V-nummers: [V-nummer] en [V-nummer]
V-nummers kinderen: [V-nummer] , [V-nummer] , [V-nummer] , [V-nummer] , [V-nummer] ,
[V-nummer]
(gemachtigde: mr. J. Sinnema), en
de Staatssecretaris van Justitie en Veiligheid, verweerder (gemachtigde: mr. V. Ilić).

Procesverloop

Bij afzonderlijke besluiten van 20 juni 2022 (de bestreden besluiten) heeft verweerder de aanvragen van eiser en eiseres (gezamenlijk: eisers) tot het verlenen van een verblijfsvergunning asiel voor bepaalde tijd in de algemene procedure niet-ontvankelijk verklaard. Verder heeft verweerder eisers opgedragen onmiddellijk naar Roemenië terug te keren.
Eisers hebben tegen de bestreden besluiten beroep ingesteld.
De rechtbank heeft het beroep, samen met het verzoek om voorlopige voorziening1, op 4 juli 2022 op zitting behandeld. Eisers zijn, met bericht van verhindering, niet verschenen.
Verweerder heeft zich laten vertegenwoordigen door zijn gemachtigde.

Overwegingen

Waar gaat deze zaak over?
1. Eisers stellen van Somalische nationaliteit te zijn.
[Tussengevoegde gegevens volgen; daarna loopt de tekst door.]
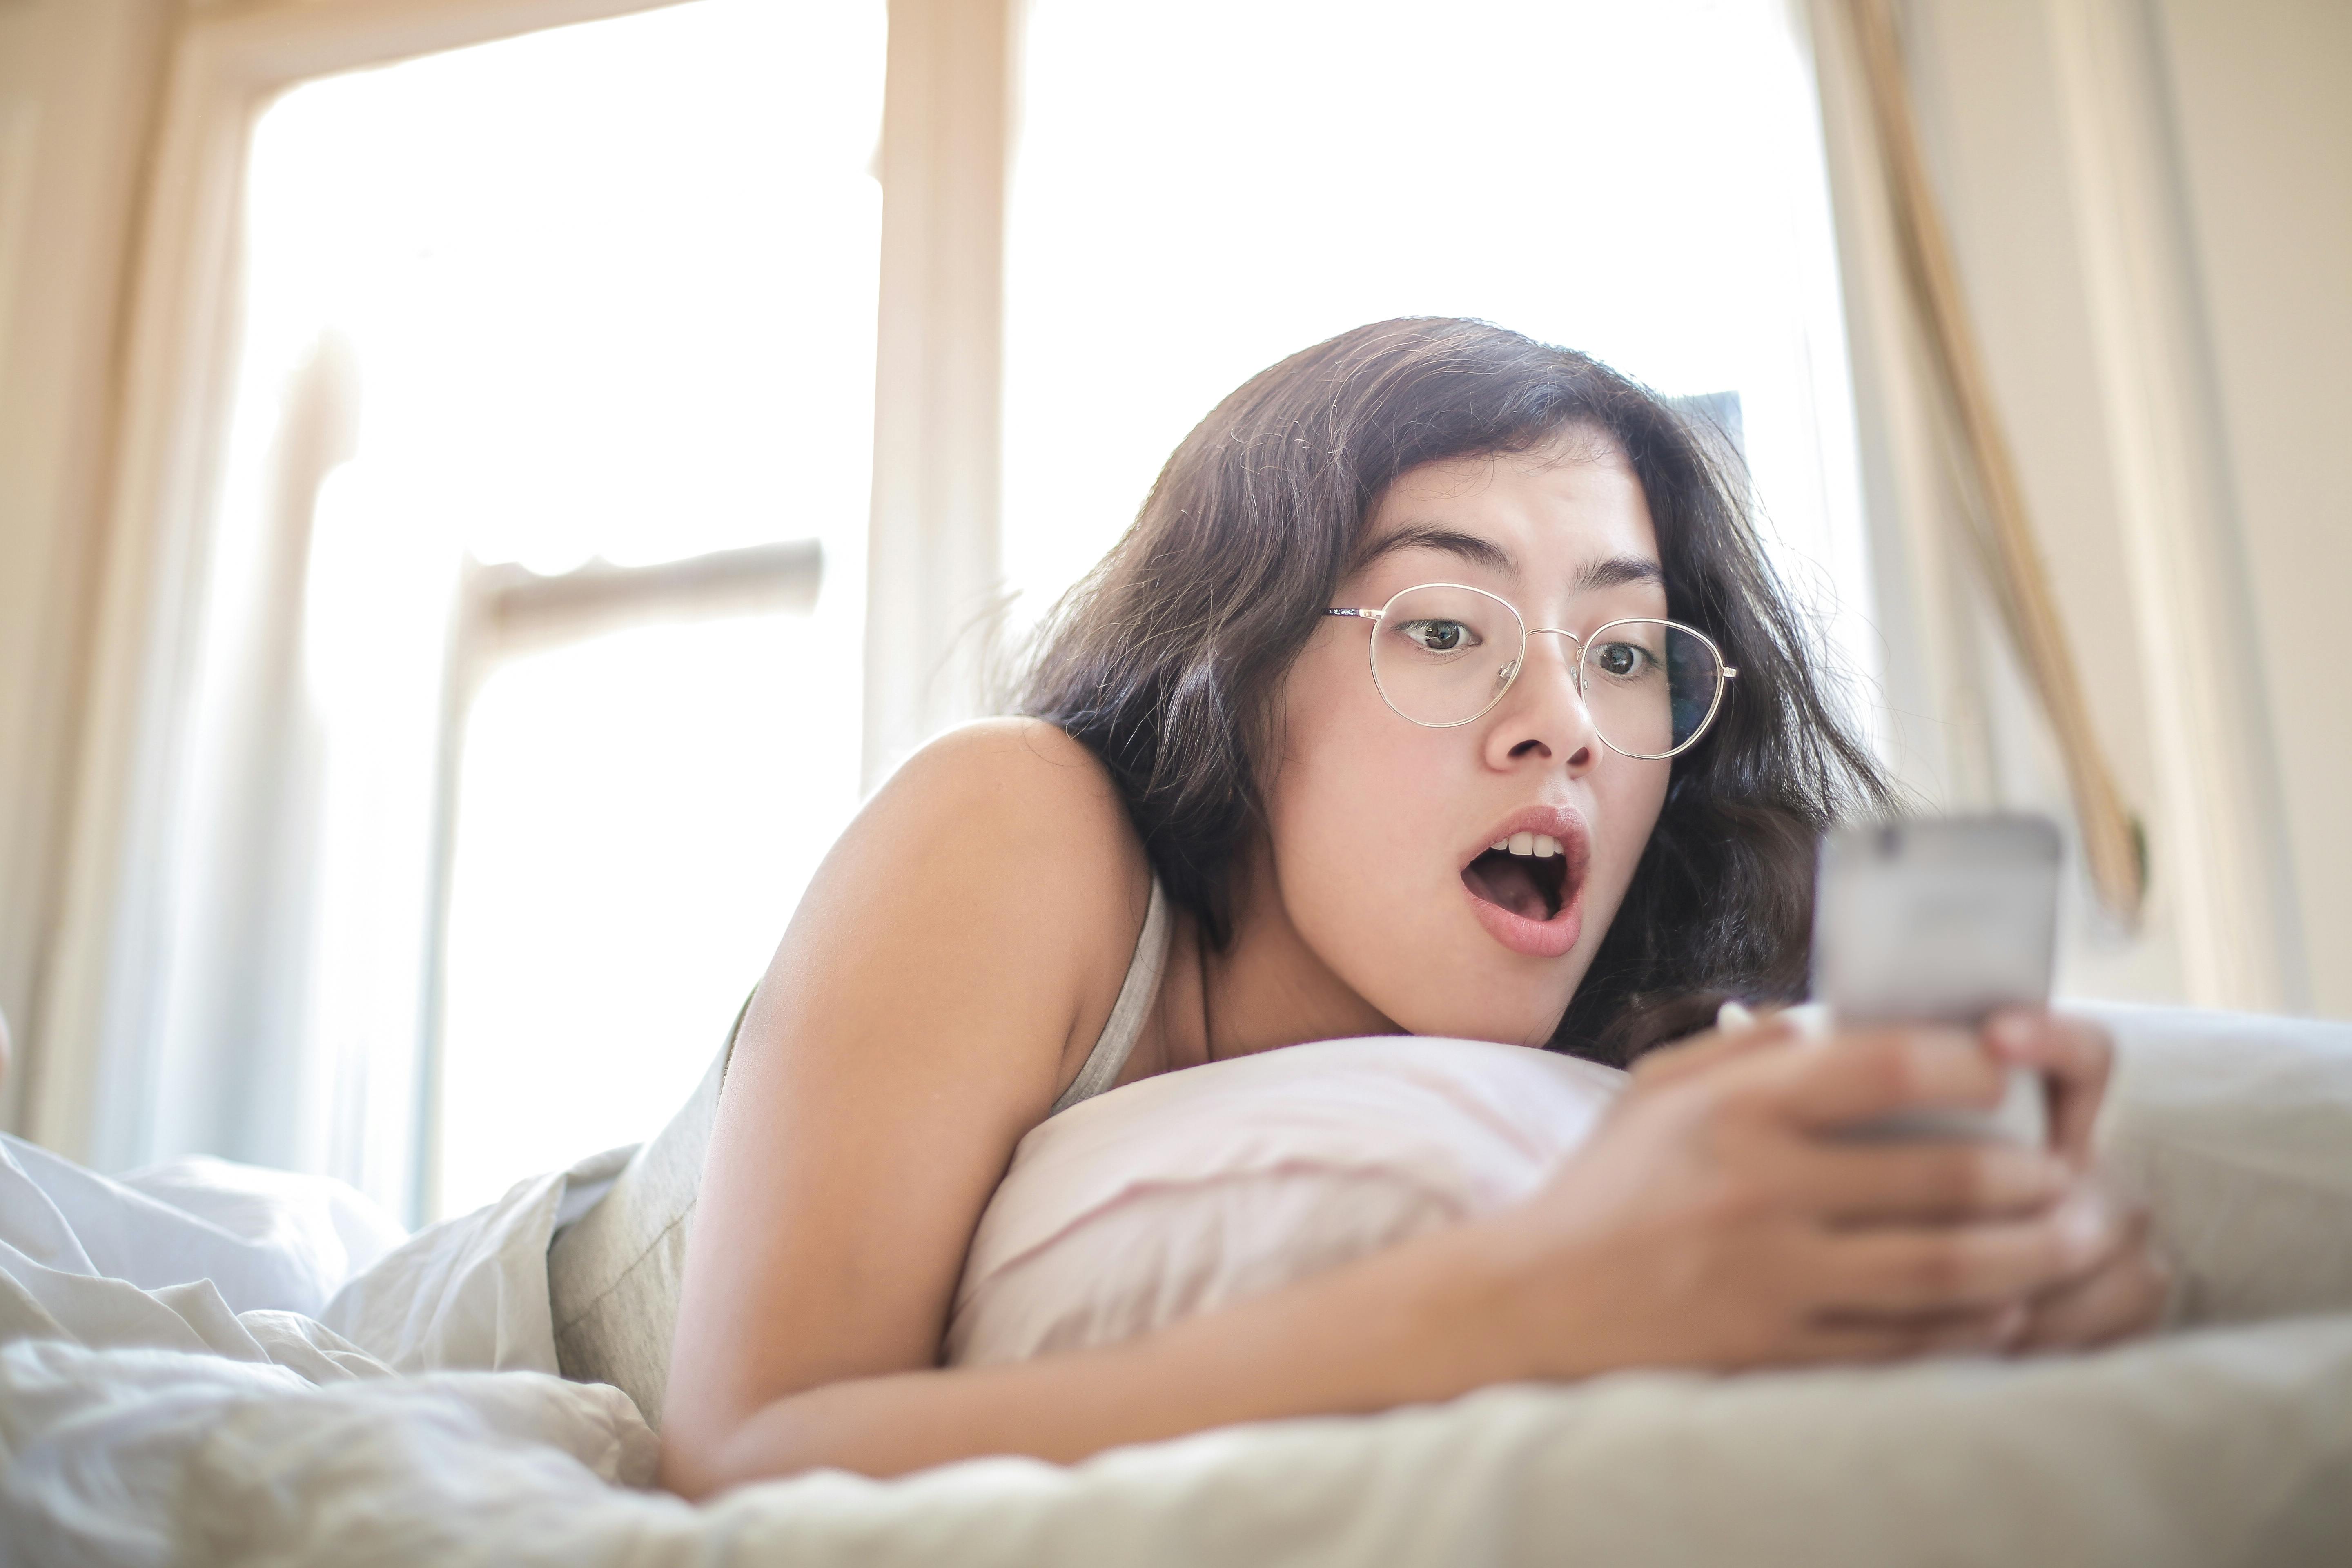 Eine Frau, die auf dem Bett liegt und ein Smartphone hält | Quelle: Pexels
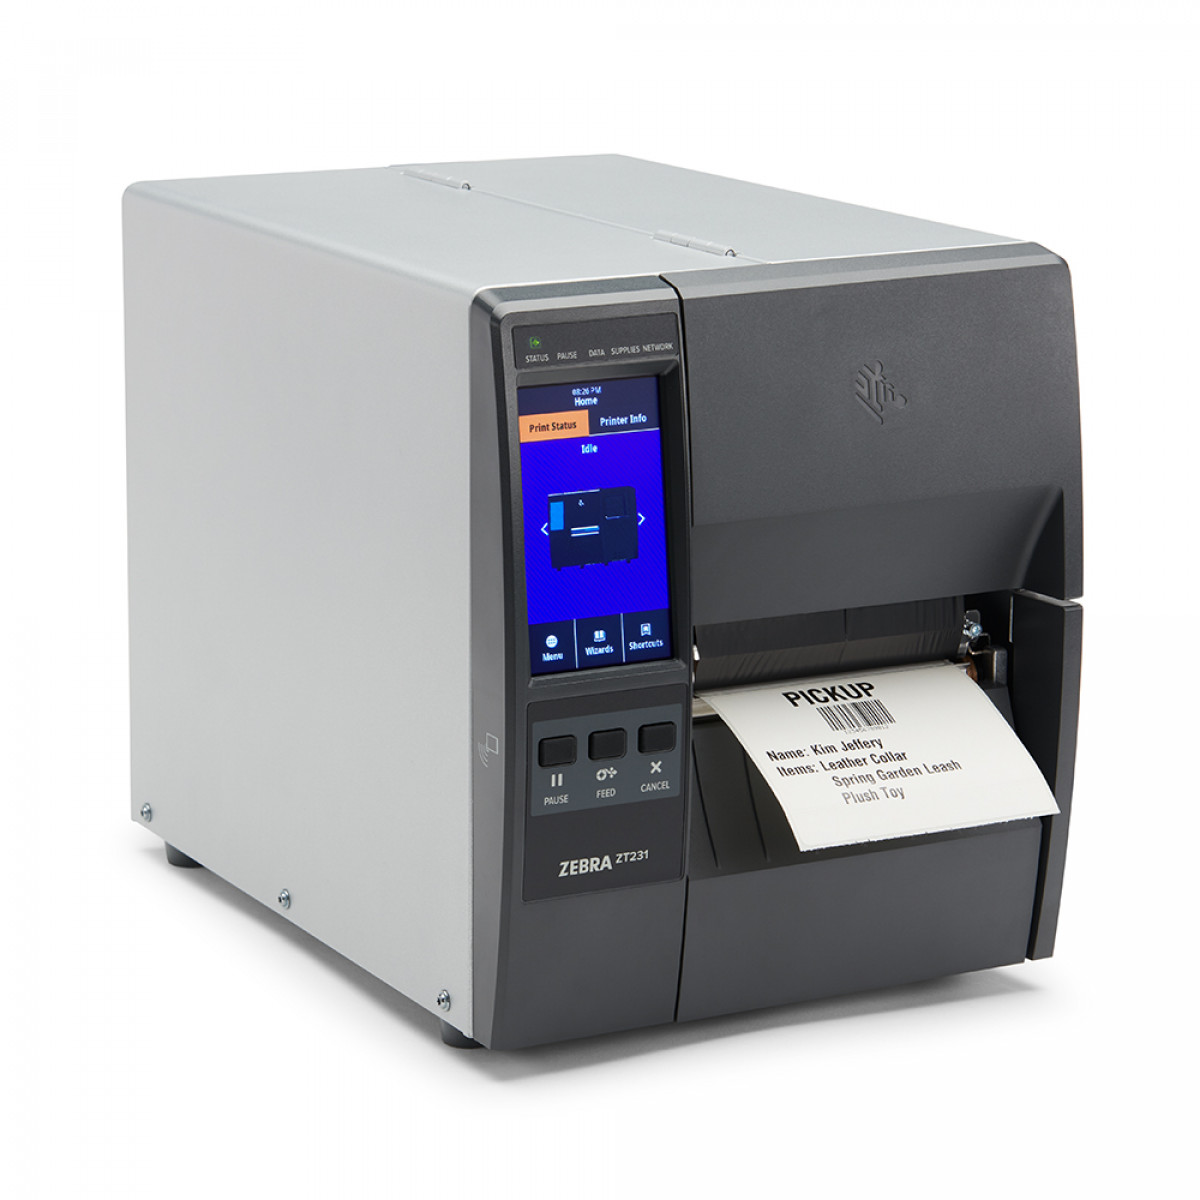 Zebra ZT231 Direct & Thermal Transfer printer

Eiser stelt te zijn geboren op [1984] en eiseres op [1989] . Hun zes kinderen zijn geboren tussen 2008 en 2021.
1. geregistreerd onder zaaknummer NL22.11576
2. Verweerder heeft de asielaanvraag van eisers niet-ontvankelijk verklaard op grond van artikel 30a, eerste lid, aanhef en onder a, van de Vreemdelingenwet 2000 (Vw) omdat eisers in een andere lidstaat van de Europese Unie internationale bescherming genieten. Uit Eurodac is namelijk gebleken dat de Roemeense autoriteiten eisers op 18 december 2020 internationale bescherming hebben verleend. Dit maakt volgens verweerder dat van eisers verwacht mag worden dat zij terugkeren naar Roemenië. Bij Roemenië kan volgens verweerder van het interstatelijk vertrouwensbeginsel worden uitgegaan. De gestelde persoonlijke ervaringen van eisers in Roemenië vormen volgens verweerder geen reden om daar in hun geval niet van uit te gaan.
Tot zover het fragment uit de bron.